Consider \(N\) numerical observations, \(x_1, x_2,\dots,x_N\), from some quantifiable outcome of interest (e.g., agent wealth, for \(N\) agents). For compactness, refer to the whole sequence as \(x\). We often desire to provide useful summaries of these observations.

Algebra of Counting

Permutations

Consider the numbers in the integer interval \([1\,..\,n]\). How many sequences of length \(k \le n\) can we create from these? That is, how many \(k\)-permutations can we create. The product rule of counting is that if we can do one thing \(n\) and and independently do another thing \(m\) ways, then we can do the two things in \(n \times m\) ways. Here we can pick the first number \(n\) ways, we can pick the first number \((n-1)\) ways, and so on. So the number of \(k\) permuations is \(n \times (n-1) \times \dots \times (n-k+1)\). Using factorial notation, this is \(n!/(n-k)!\).

Combinations

Sequences are ordered; sets are not. A set of size \(k\) drawn from a set of size \(n\) is called a \(k\)-subset or \(k\)-combination. A sequence of length \(k\) has \(k!\) permutations, so we can compute the number of \(k\)-combinations by deflating the number \(k\)-permuations by \(k!\). Using factorial notation, this is \(n!/\big((n-k)!k!\big)\).

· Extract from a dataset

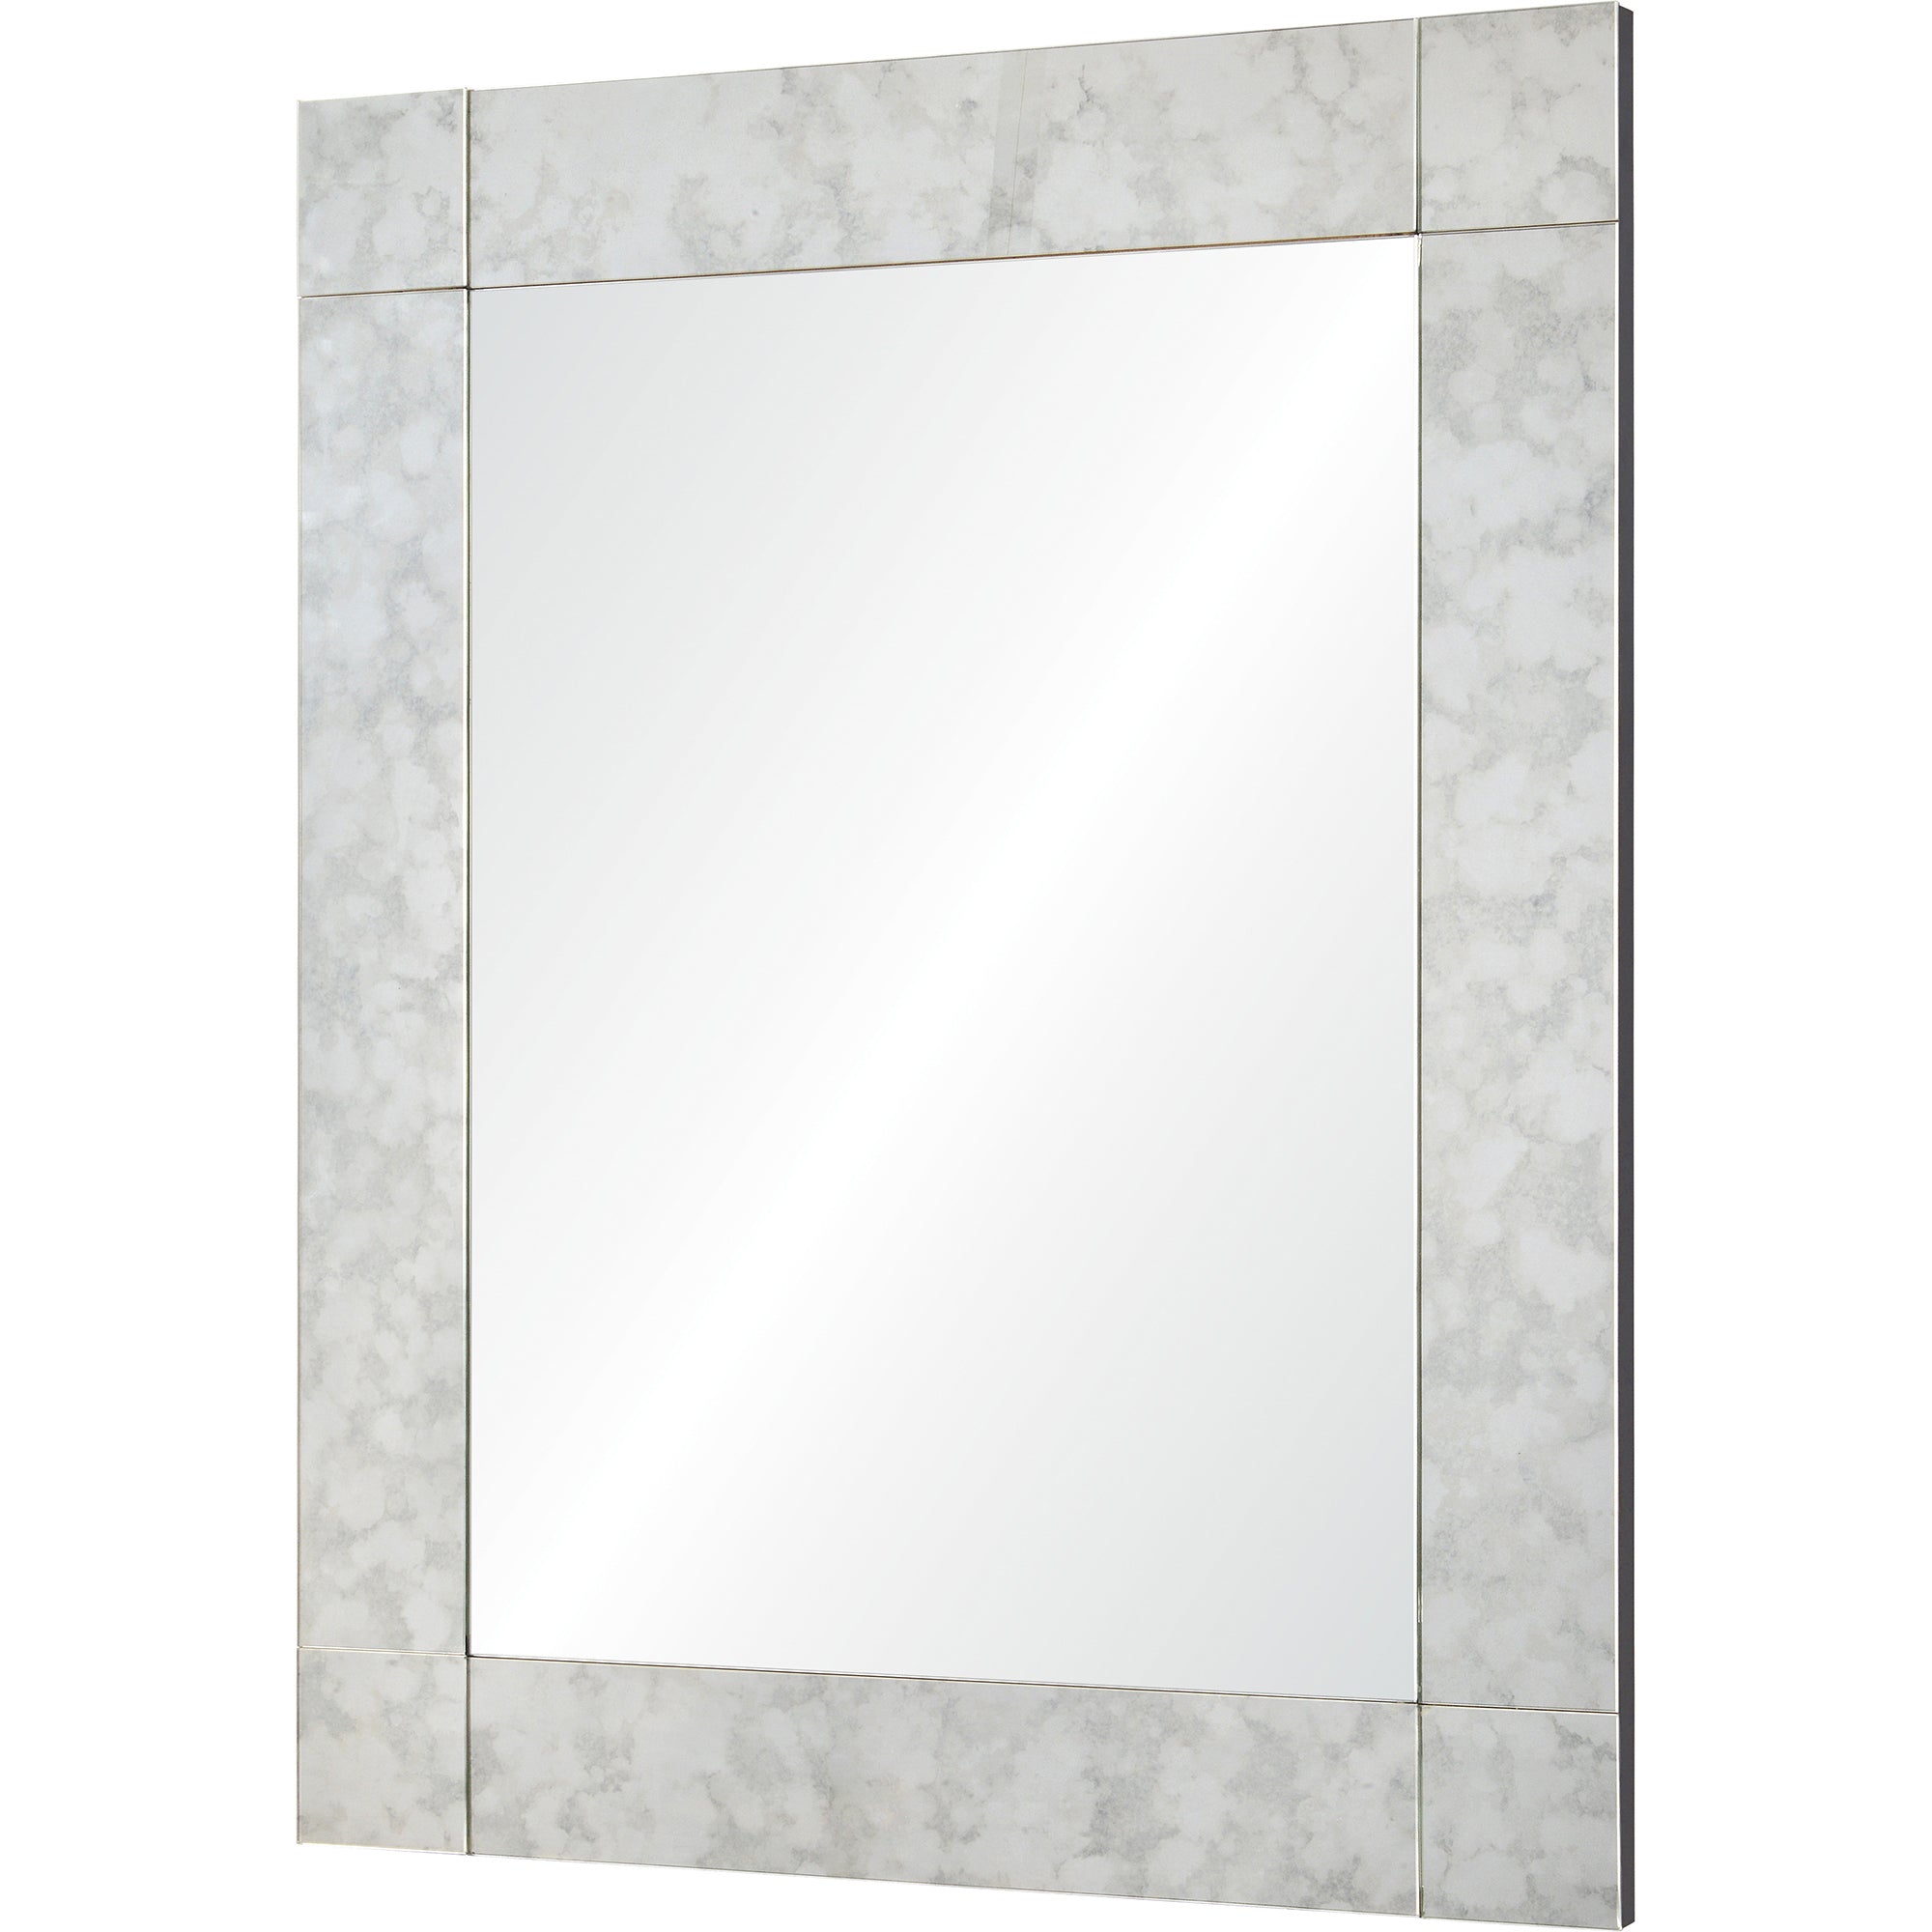 Connor 40" Polished Glass - Antique Tinted Mirror

Describing Univariate Data

Sample Mean

Consider \(N\) observations of a single variable. The sample mean is the arithmetic average of the observations.

\begin{equation*} \bar{X} = \frac{1}{N} (x_{1} + x_{2} + \dots + x_{N}) \end{equation*}

A capital sigman (\(\sum\)) is often used to indicate a sum over values. So the following expression is equivalent.

\begin{equation*} \bar{x} = \frac{1}{N} \sum_{i=1}^{N} x_{i} \end{equation*}

The mean difference of the observations from their mean value is \(0\). For this reason, the mean is often used as a measure of the central tendency of the distribution producing the observations. However, also for this reason, the mean is also sensitive to the presence of a few large values in the data.

Sample Standard Deviation

The sample variance (\(s^2\) or \({\hat\sigma}^2\) is the mean squared deviation of observation from the sample mean. For example, given observations \(x_1,\dots,x_N\), we may use the following formula.

\begin{align*} {\hat\sigma}^{2}_{x} &= \frac{1}{N} \sum_{i=1}^{N} (x_{i}-\bar{x})^2 \\ &= \frac{1}{N} \sum_{i=1}^{N} (x_{i}^2 - 2 x_{i} \bar{x}+\bar{x}^2) \\ &= \frac{1}{N} \sum_{i=1}^{N} x_{i}^2 - \bar{x}^2 \end{align*}

The sample variance is often a good measure of how dispersed the data are: a low variance means that the data are more tightly clustered around the mean. The sample standard deviation (\({\hat\sigma}\)) is the square root of the sample variance.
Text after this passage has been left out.